This grammar now is right recursive. Note that it immediately is a lot more difficult to read.

In practice, left-recursion might happen indirectly with many other steps in-between. This makes it a hard problem to look out for. But trying to solve it makes your grammar harder to read.

As Section 2.5 of the Dragon Book states:

We appear to have a conflict: on the one hand we need a grammar that facilitates translation, on the other hand we need a significantly different grammar that facilitates parsing. The solution is to begin with the grammar for easy translation and carefully transform it to facilitate parsing. By eliminating the left recursion we can obtain a grammar suitable for use in a predictive recursive-descent translator.

LR-style parsers do not have the problem of this left-recursion, as they build the tree from the bottom-up.
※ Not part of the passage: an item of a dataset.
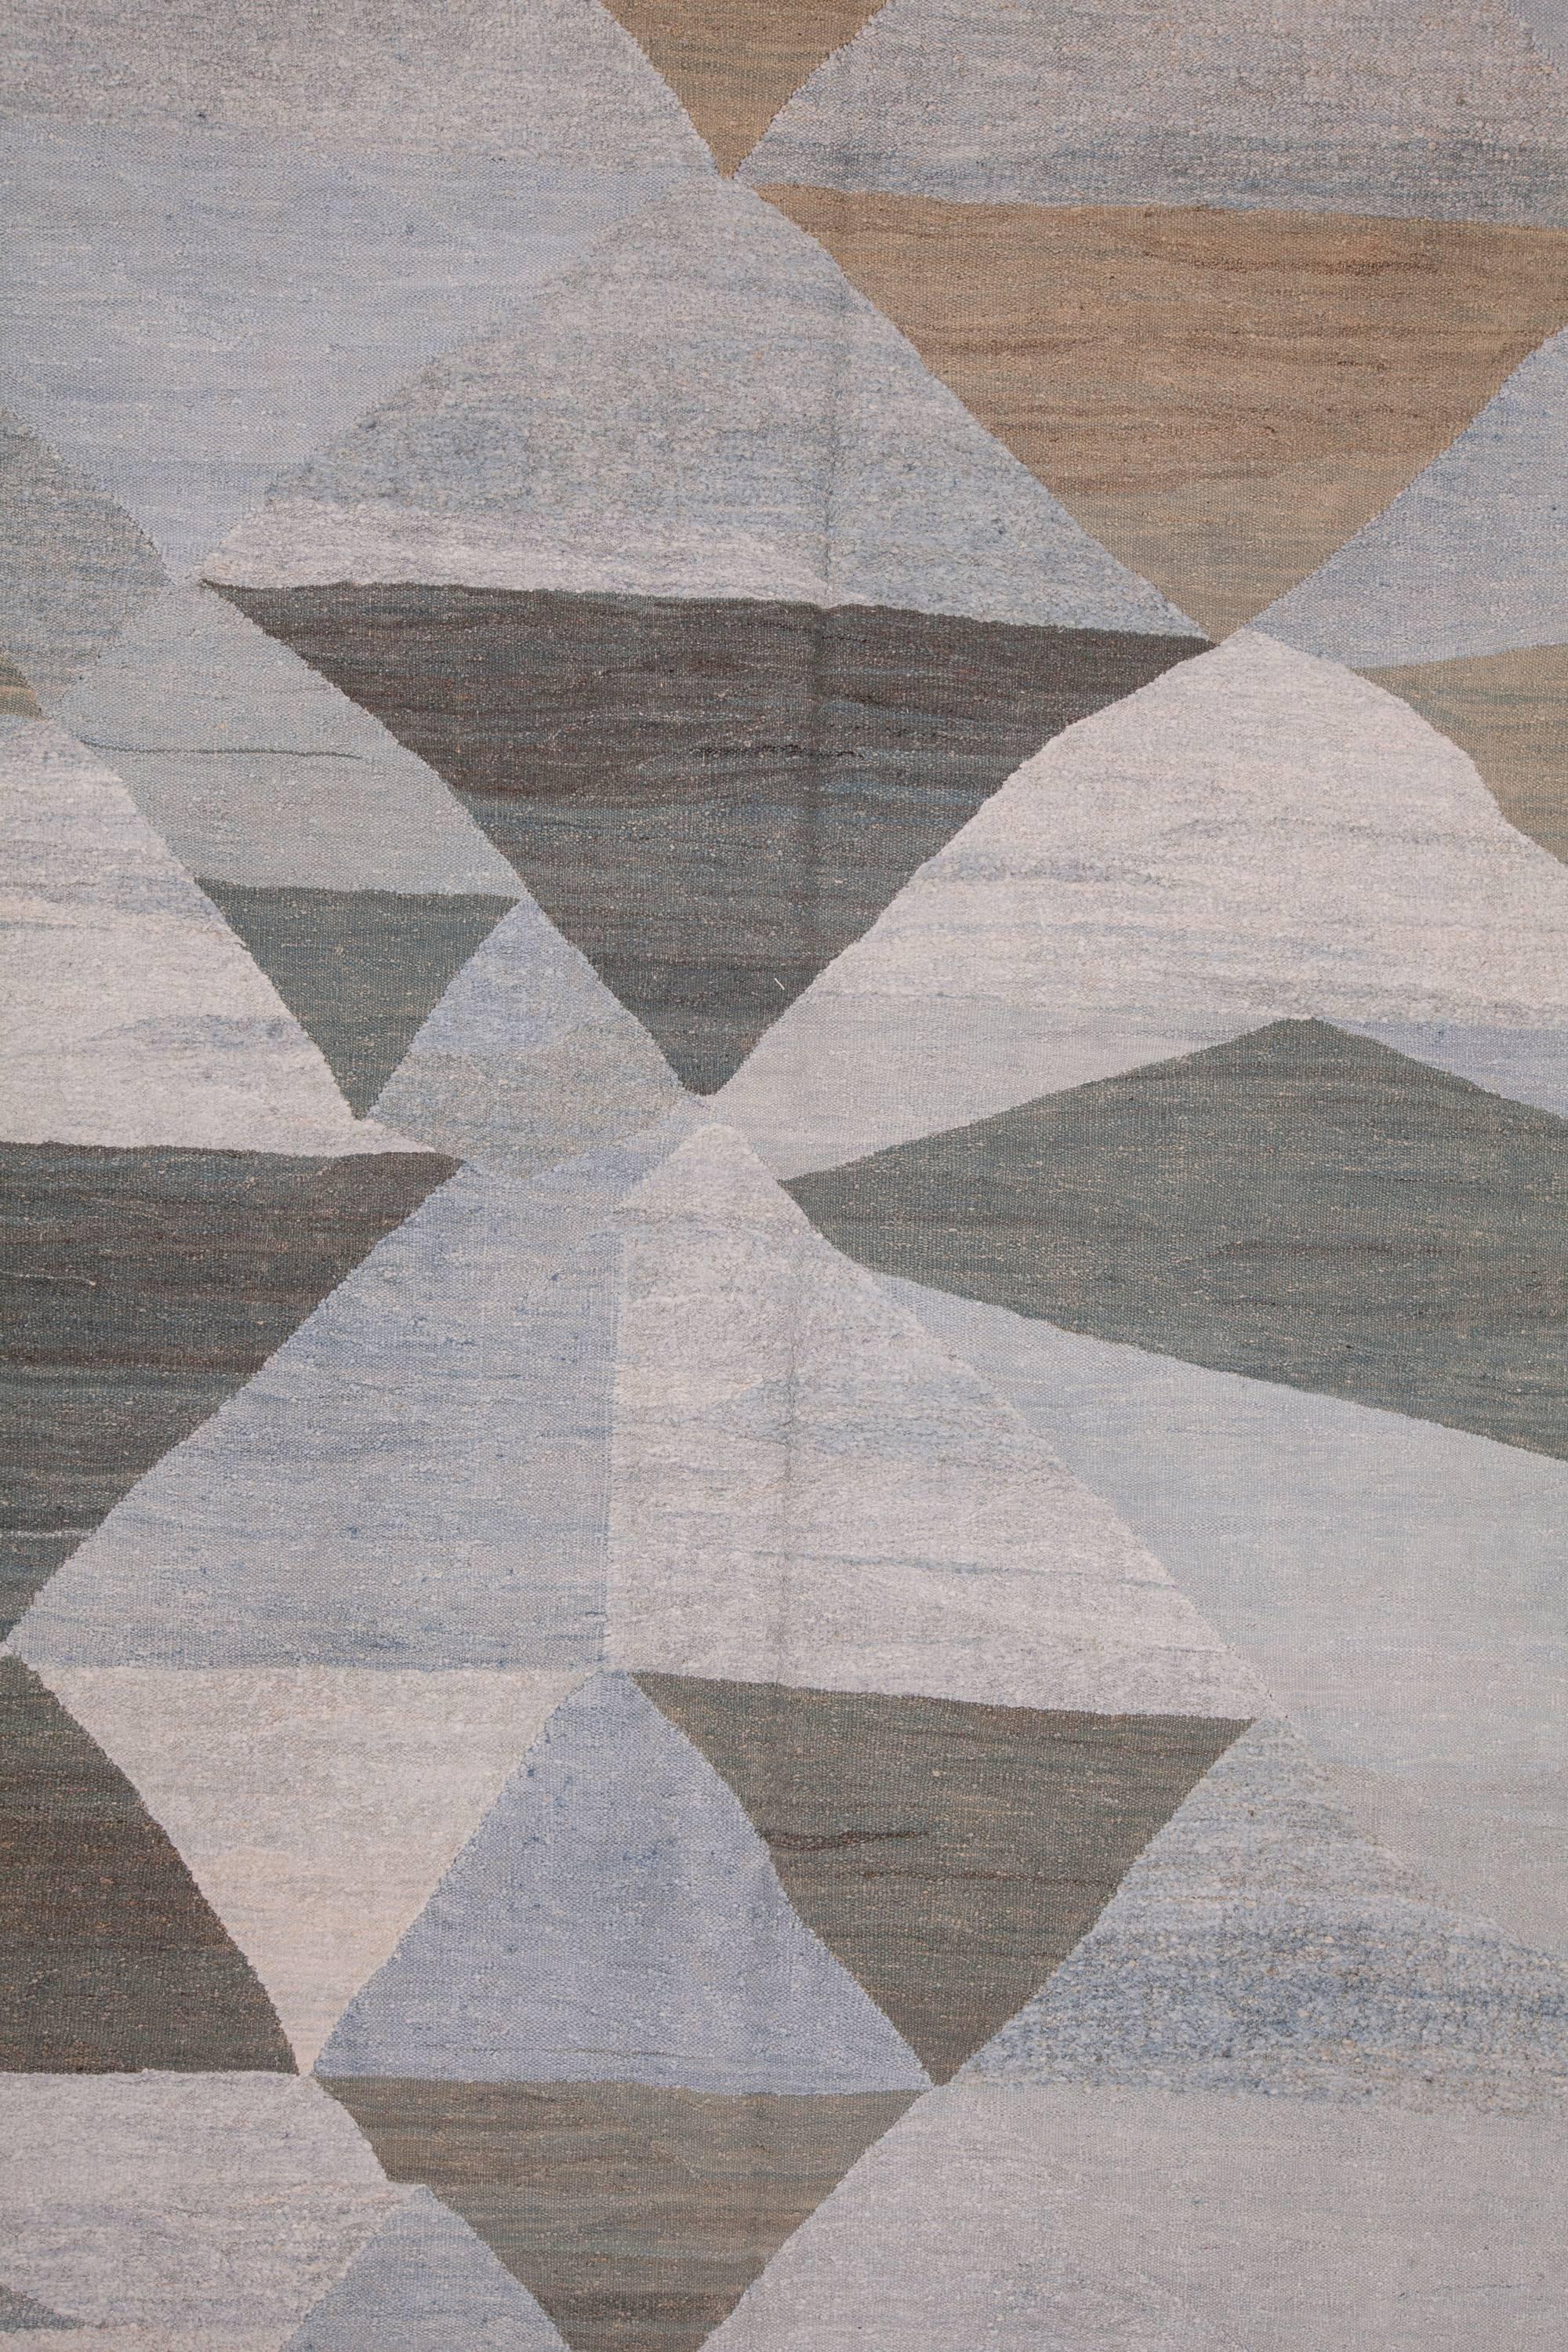 Hand-Woven Contemporary Turkish Kilim Made from Recycled Hemp

However, the mental translation of a grammar like above to an LR-style parser (which is often implemented as a Finite-State Automaton)
is very hard (and error-prone) to do, as often there are hundreds or thousands of states + state transitions to consider. This is why LR-style parsers are usually generated by a Parser Generator, which is also known as a 'compiler compiler'.
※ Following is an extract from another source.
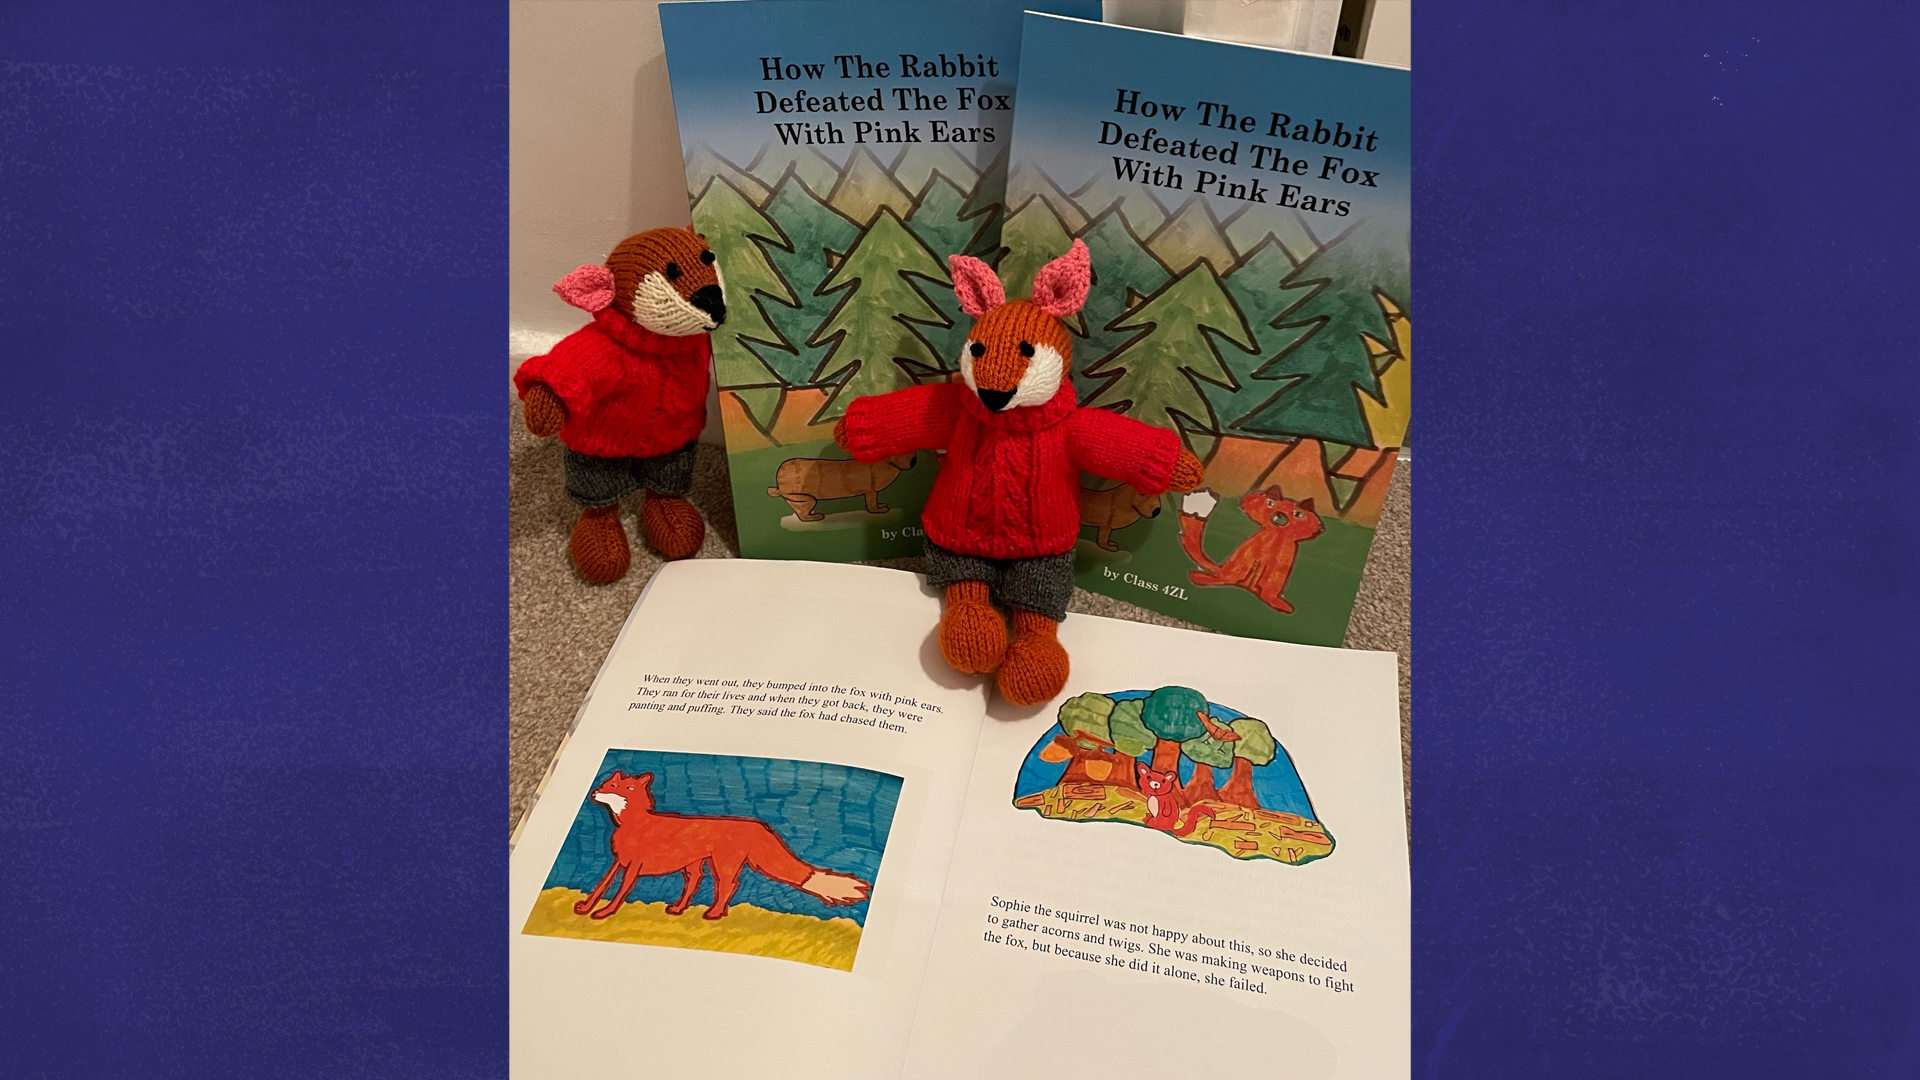 Class 6CJ's book open with two toy foxes in front of it.

How to resolve Ambiguities

We saw two methods to resolve Left-recursion ambiguities above: 1) rewrite the syntax 2) use an LR-parser.
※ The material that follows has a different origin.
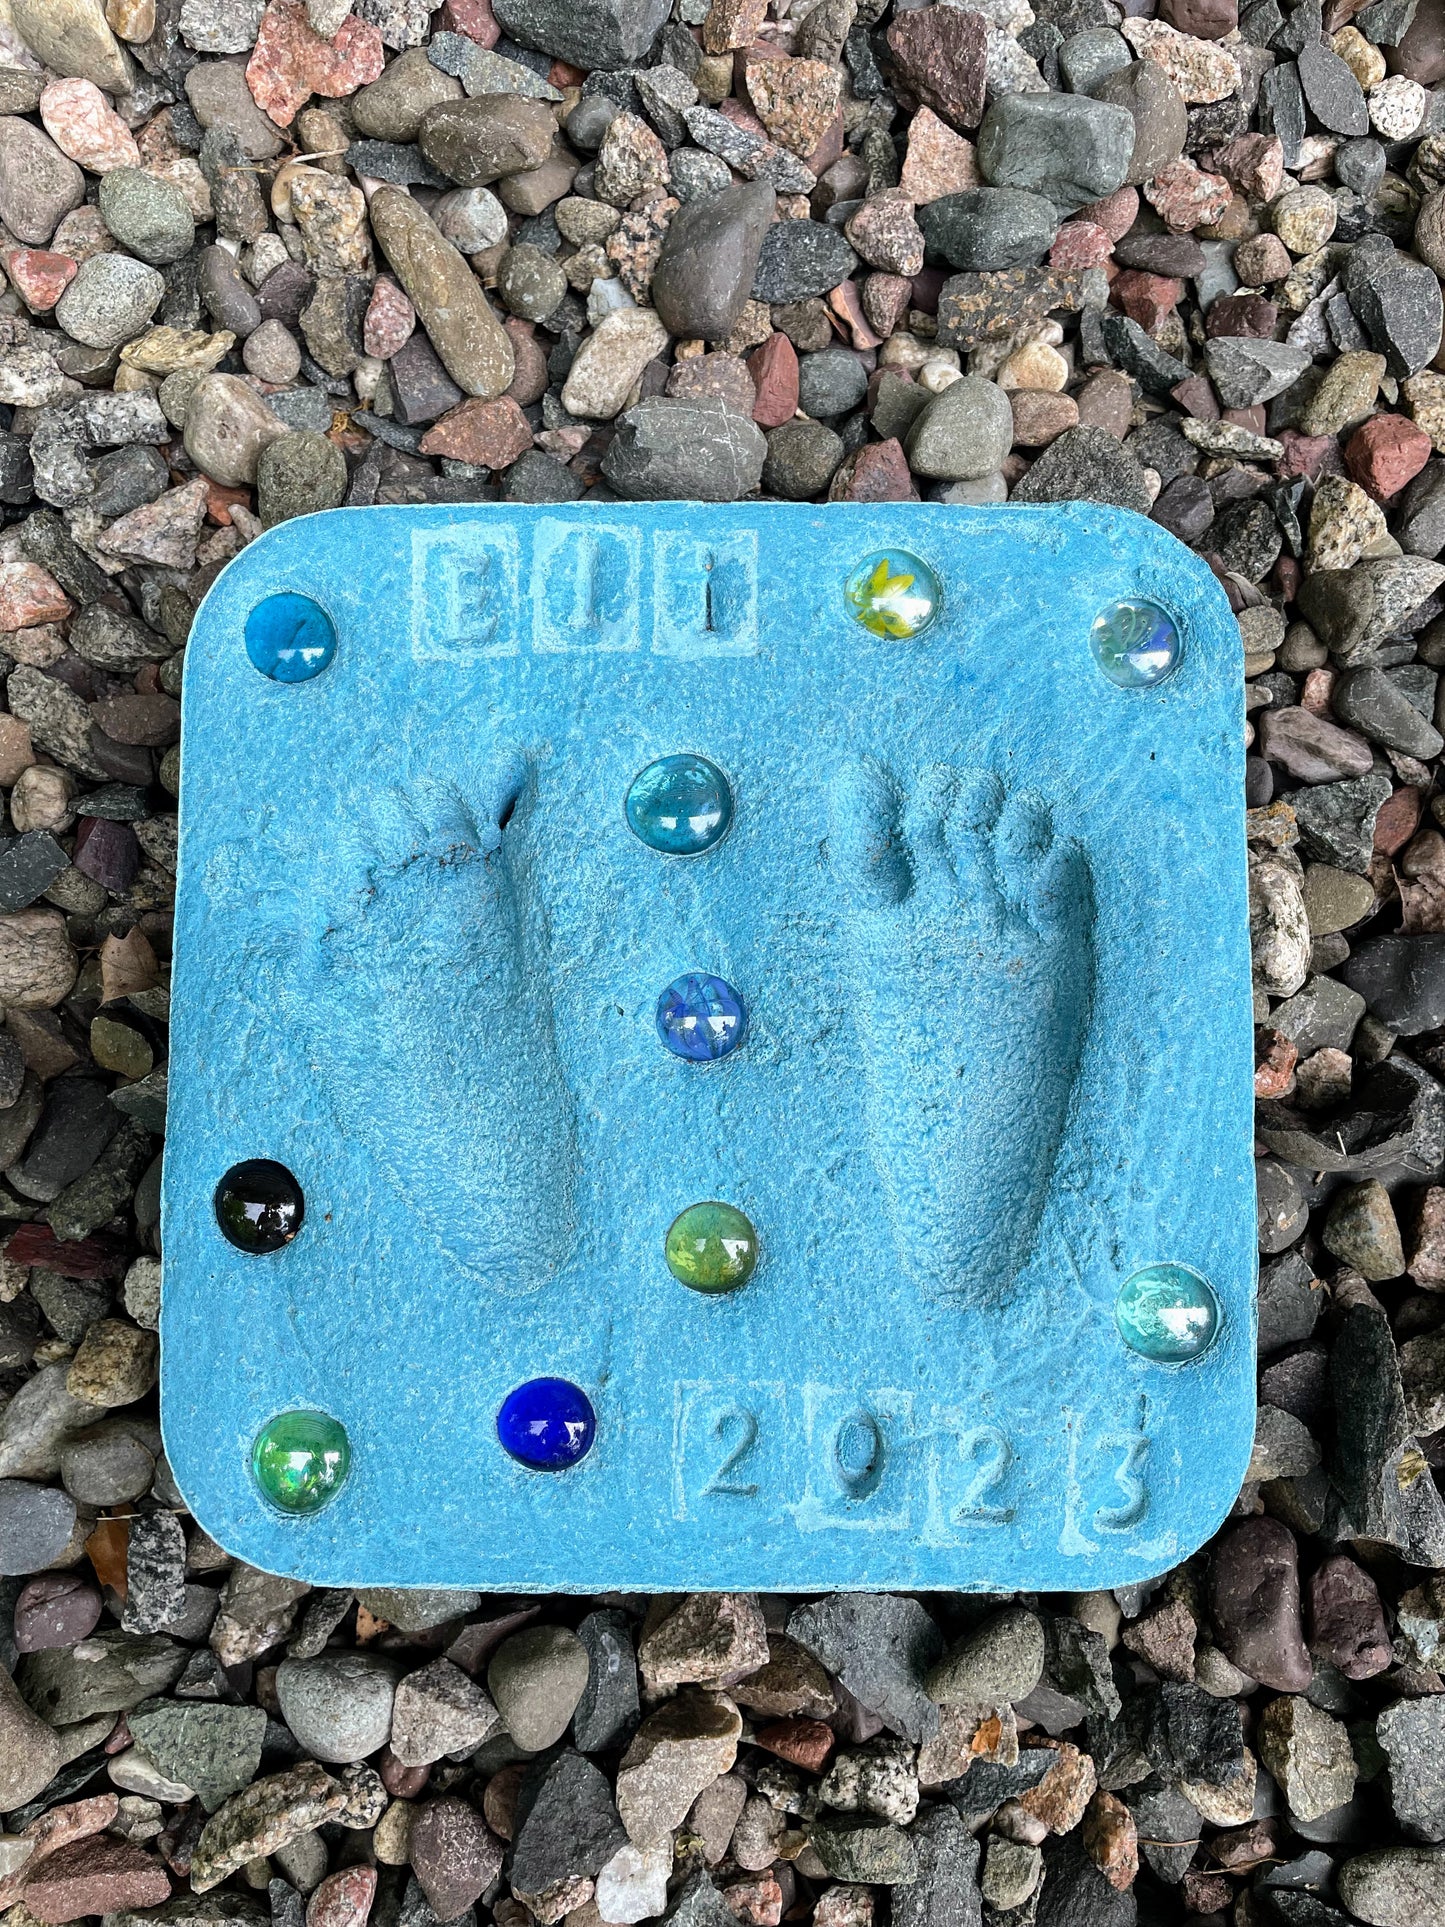 Blue square footprint stepping stone

But there are other kinds of ambiguities which are harder to solve: What if two different rules are equally applicable at the same time?

Some common examples are:

Both LL-style and LR-style parsers have problems with these. Problems with parsing arithmetic expressions can be solved by introducing operator precedence. In a similar way, other problems like the Dangling Else can be solved, by picking one precedence behaviour and sticking with it. (In C/C++, for instance, the dangling else always belongs to the closest 'if').

Another 'solution' to this is to use Parser Expression Grammar (PEG): This is similar to the BNF-grammar used above, but in the case of an ambiguity, always 'pick the first'. Of course, this does not really 'solve' the problem, but rather hide that an ambiguity actually exists: The end users might not know which choice the parser makes, and this might lead to unexpected results.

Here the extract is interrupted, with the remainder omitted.